# Thread: Optamizing Lateral Surface Area of a Cylinder

1. ## Optamizing Lateral Surface Area of a Cylinder

A right circular cone has a base radius 5 and altitude 12. A cylinder is to be inscribed in the cone so that the axis of the cylinder coincides with the axis of the cone. Given that the radius of the cylinder must be between 2 and 4 inclusive, find the value of that radius for which the lateral surface area of the cylinder in minimum. Justify your answer. (Note: The lateral surface of a cylinder does NOT include the bases.)
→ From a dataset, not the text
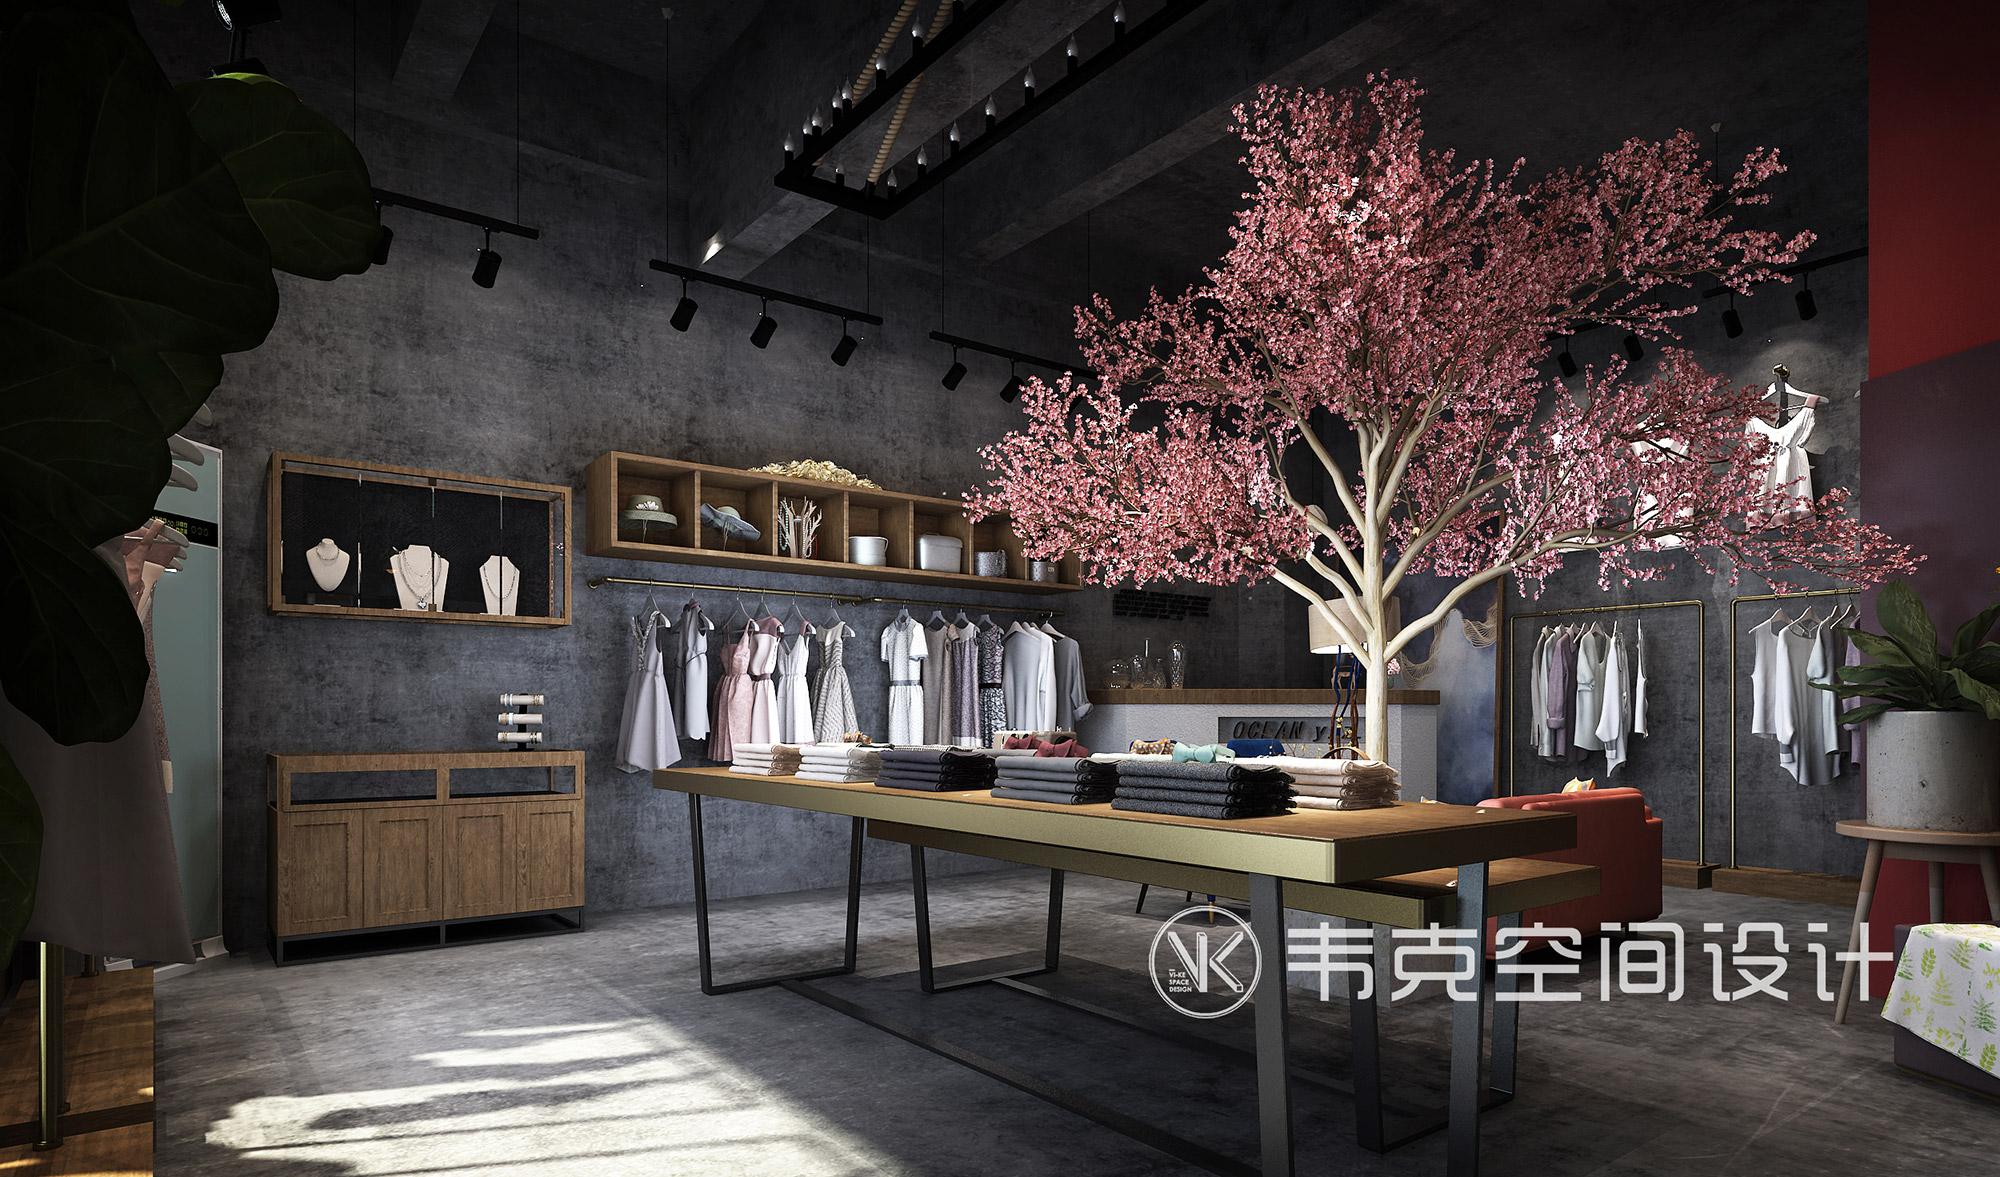 客厅图片来自韦克空间设计在这家隐匿于闹市的小店颜值很高!的分享

Again I'm not good with Calculus word problems. Am I suppose to find the derivative of the lateral surface area of the cylinder? How do I handle the variables r and altitude? Help please. I really tried to get it, but I'm not use to them.

2. Originally Posted by ment2byours
A right circular cone has a base radius 5 and altitude 12. A cylinder is to be inscribed in the cone so that the axis of the cylinder coincides with the axis of the cone. Given that the radius of the cylinder must be between 2 and 4 inclusive, find the value of that radius for which the lateral surface area of the cylinder in minimum. Justify your answer. (Note: The lateral surface of a cylinder does NOT include the bases.)

Again I'm not good with Calculus word problems. Am I suppose to find the derivative of the lateral surface area of the cylinder? How do I handle the variables r and altitude? Help please. I really tried to get it, but I'm not use to them.

consider $a=2 \pi rh$

$h=12-\frac{12}{5}*r$

for volume we get $a=2\pi r(12-\frac{12r}{5}$

set it to zero find the derivative

$\frac{da}{dr}=24\pi-\frac{48}{5}\pi r$

$\frac{48}{5} \pi r=24 \pi$

$\boxed{r=\frac{5}{2}}$

3. Can you please show me how did you get h? I know from r/h=5/12 you get h=12/5, but not the rest. thanks again!

4. Originally Posted by choi_siwon
I'm having trouble on how to do this problem or where to go on this... I know what the picture would look like and that's about it. Any help would be really appreciated! Thank you.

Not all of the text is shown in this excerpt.